The next friend I needed to tell I was saved from telling because she announced it on Facebook before I could see her in person. She'd had at least one miscarriage I knew of, and I had felt it was important to tell her so she wouldn't feel blind-sided.

The third friend I told (Candace) we had tried and tried to take to lunch or dinner, but we both were so busy it never worked out! Finally when I was 10 weeks along she called me and told me she was expecting over the phone, and that she wanted to let me know before she went public with it for the same reasons I wanted to tell her too! And it turned out, she too was 10 weeks along and we are due within days of each other! That makes 2 of my friends that will be having mid/later month September babies! How awesome is that?!

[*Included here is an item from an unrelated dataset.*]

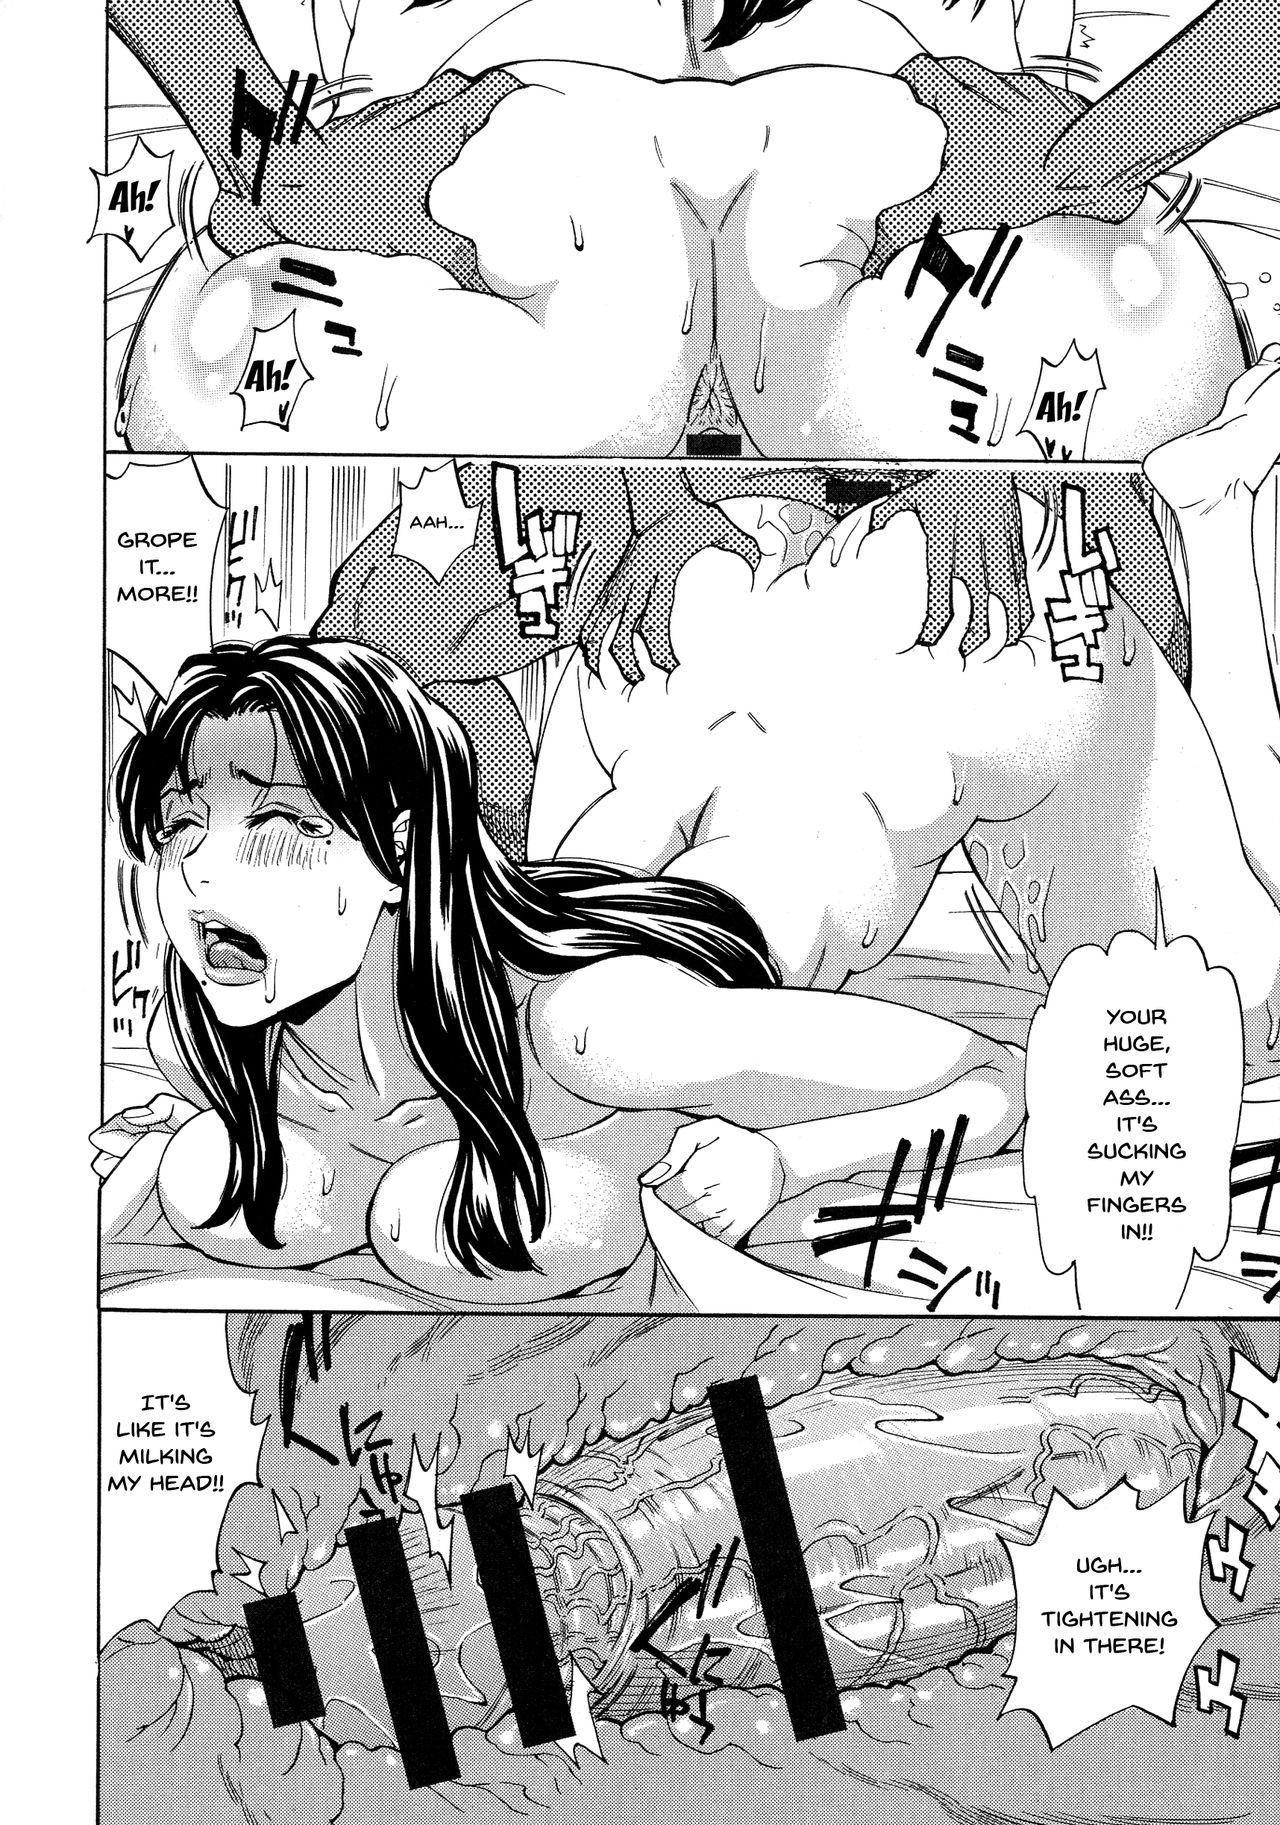 [Makibe Kataru] Hitozuma Koi Hanabi ~Hajimete no Furin ga 3P ni Itaru made~ Ch.1-9 [English] {Doujins.com} 106

God really has awesome timing, and it will be incredibly fun to have friends who are at the same stages (exactly) as I am throughout our entire pregnancies! 

03/01/2013

We had our first ultrasound and it was great! Baby has a heart rate of 165 and was exactly 11 weeks along (which moved my due date three days, but according to my BBT charts, exactly 11 weeks was precisely when I ovulated anyway, I could have told them, lol!) Here is a picture of the ultrasound:


03/13/2013

We had our first family pictures of just me, Mairéad and Mike last Friday morning, courtesy of my friend Heather. I had told here that we were intending to surprise Mairéad the news and try to capture the reaction she had that she was going to be a big sister. She'd been talking about babies, and even had told me how she would take care of one (smelling its diaper, singing to them, teaching them how to run, lol) and she had mentioned a few times how she wanted a baby. So I was hoping for a big reaction (like I'd seen with kids' pictures on Pinterest). Well she kind of just stood there, ha ha! We took a video of it though, so we do have her actual reaction documented. She did eventually ask us what the picture (ultrasound) was of. And where the baby's eyes were ;) And finally we asked her if she wanted a brother or a sister, and she replied, "Just a baby!", which we laughed and assured her she would be getting! And since then I had asked her what she wants for her birthday, and she told me, "A baby!" and I told her the baby would come after her birthday and after the fair.